Updated

VATICAN CITY -- The Vatican told a group of breakaway traditionalists on Wednesday that they must accept some core church teachings if they want to be brought back into the fold of the Roman Catholic Church.

The Vatican's chief doctrinal official, Cardinal William Levada, met with the head of the Society of St. Pius X on Wednesday, the latest in Pope Benedict XVI's efforts to reconcile with the group opposed to the liberalizing reforms of the Second Vatican Council.

The Vatican said it handed over a "doctrinal preamble" listing core principles of church teaching and interpretation that must be accepted by the society. But it said specific issues about Vatican II could be left to "legitimate discussion."

A Vatican statement provided no further details.

The society was founded by the late ultraconservative Archbishop Marcel Lefebvre in 1969 and split from Rome over the interpretation of Vatican II's reforms, particularly those which revolutionized the church's relations with Jews and allowed for the celebration of Mass in the vernacular rather than Latin.

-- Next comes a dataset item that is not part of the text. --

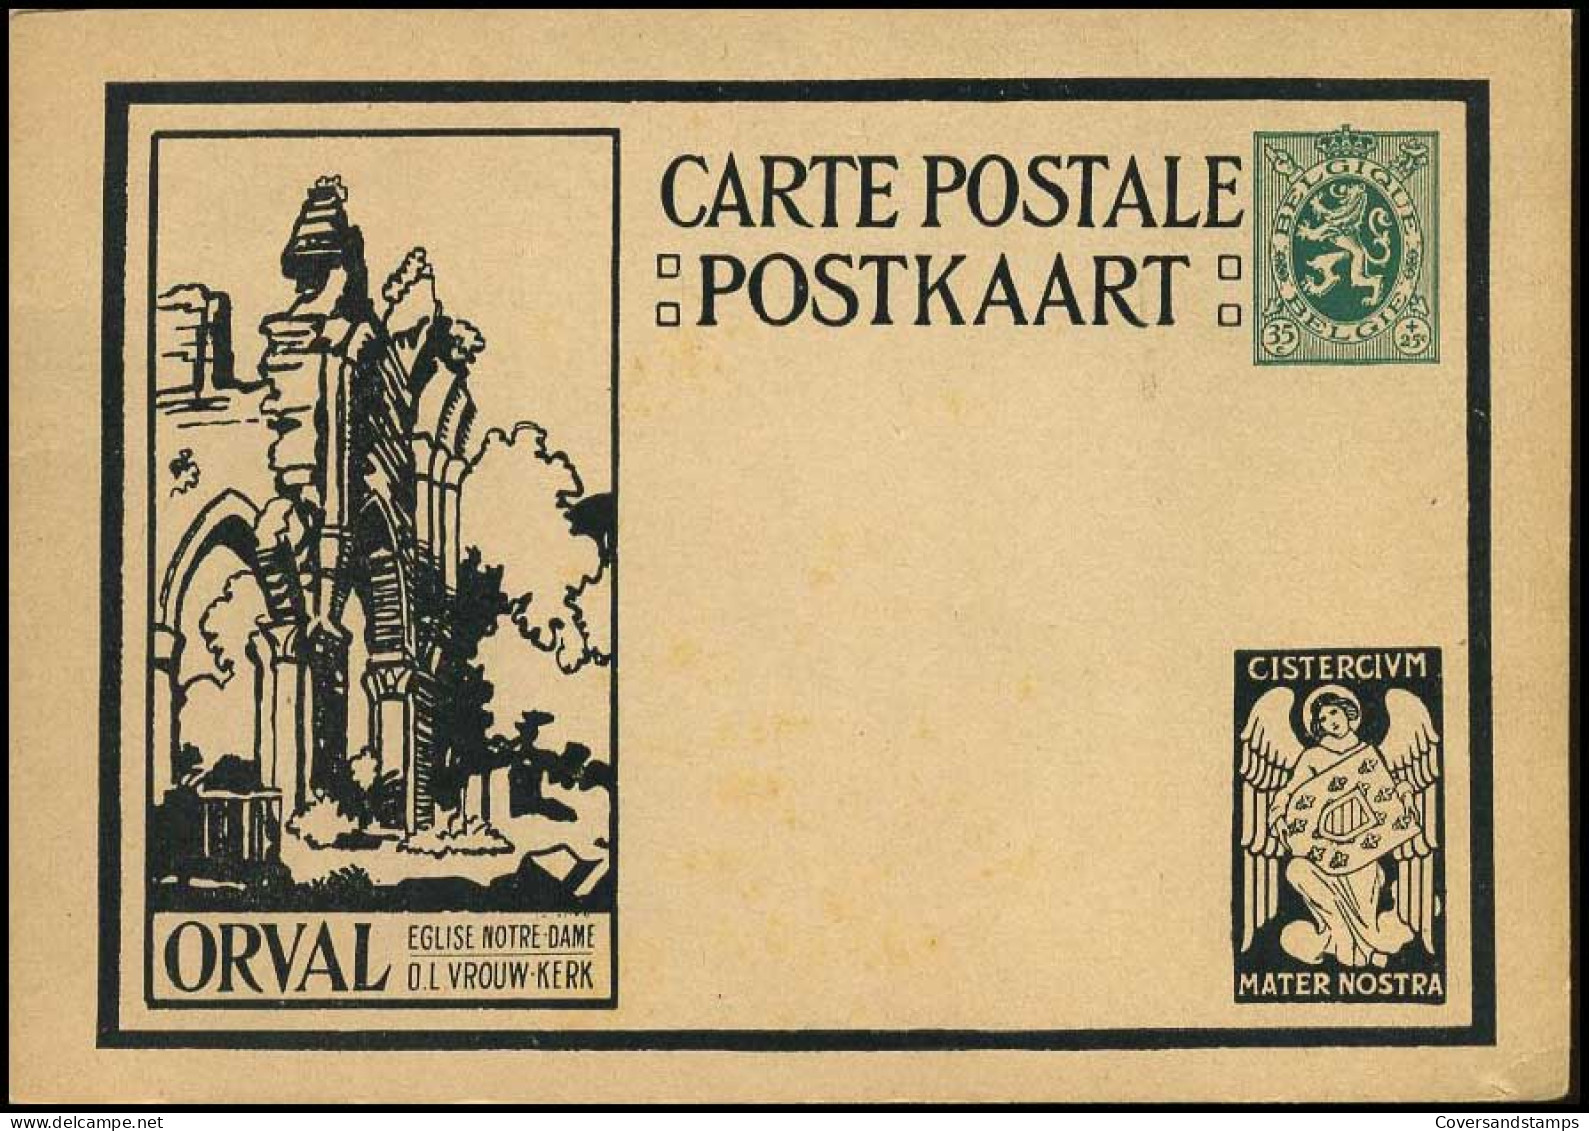 Postkaart - Orval, O.L. Vrouw Kerk - Cartes Postales Illustrées (1971-2014) [BK]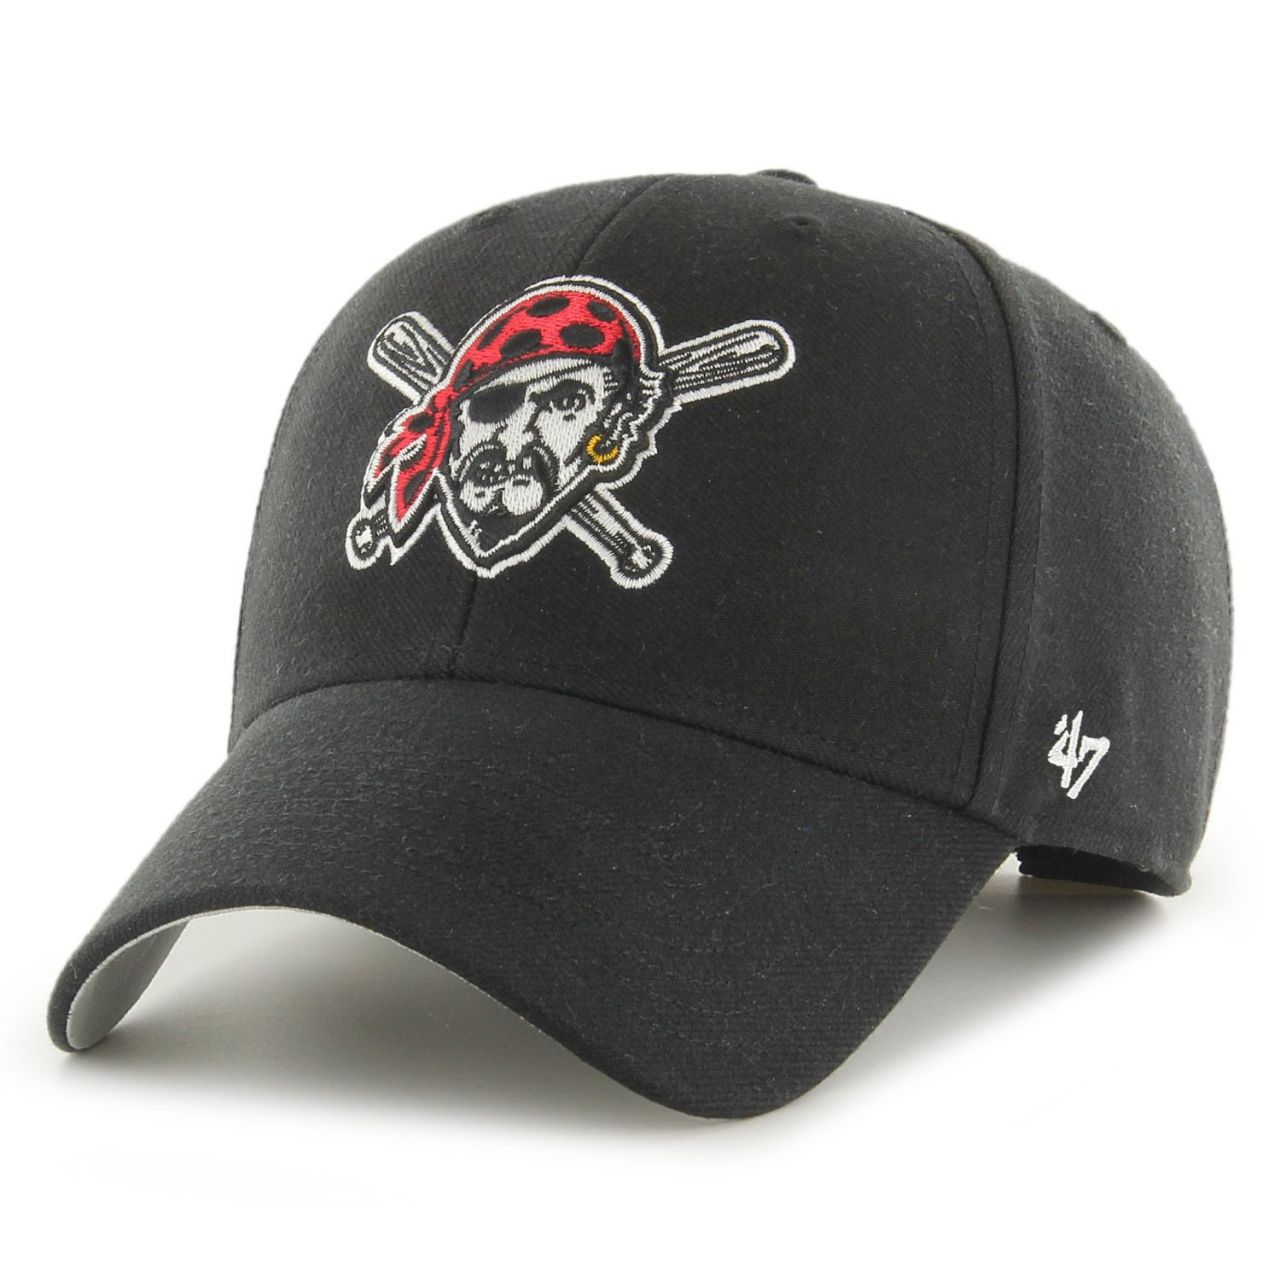 47 Brand Relaxed Fit Cap - MLB RETRO Pittsburgh Pirates von 47 Brand

In 1988, the Vatican excommunicated Lefebvre and four of his bishops after he consecrated them without papal consent.

Despite concerns from liberal Catholics, Benedict has made clear from the start of his pontificate that he wanted to reintegrate the group back into the Vatican's fold, meeting within months of his election with the current head of the society, Bishop Bernard Fellay.

In 2007, Benedict answered one of Fellay's key demands by relaxing restrictions on celebrating the Latin Mass. Two years later, he lifted the excommunication of the four bishops, including that of a Holocaust denier whose rehabilitation sparked outrage among Jews and Catholics alike.

In the years since, the Vatican and the society met eight times to try to work out the theological and doctrinal differences that separated them in a bid to fully reintegrate the society's members into the church. Those talks led to Wednesday's set of mimimal requirements issued by the Vatican.

The Holy See has previously insisted that the society's members must "fully recognize" Vatican II as well as the teachings of all the popes who came after it, if they want to be fully reintegrated into the Church.

The society says it is upholding true Catholic tradition by rejecting elements of Vatican II's teachings, and says the Church's current problems, including a shortage of priests, are a direct result of the 1962-65 meetings.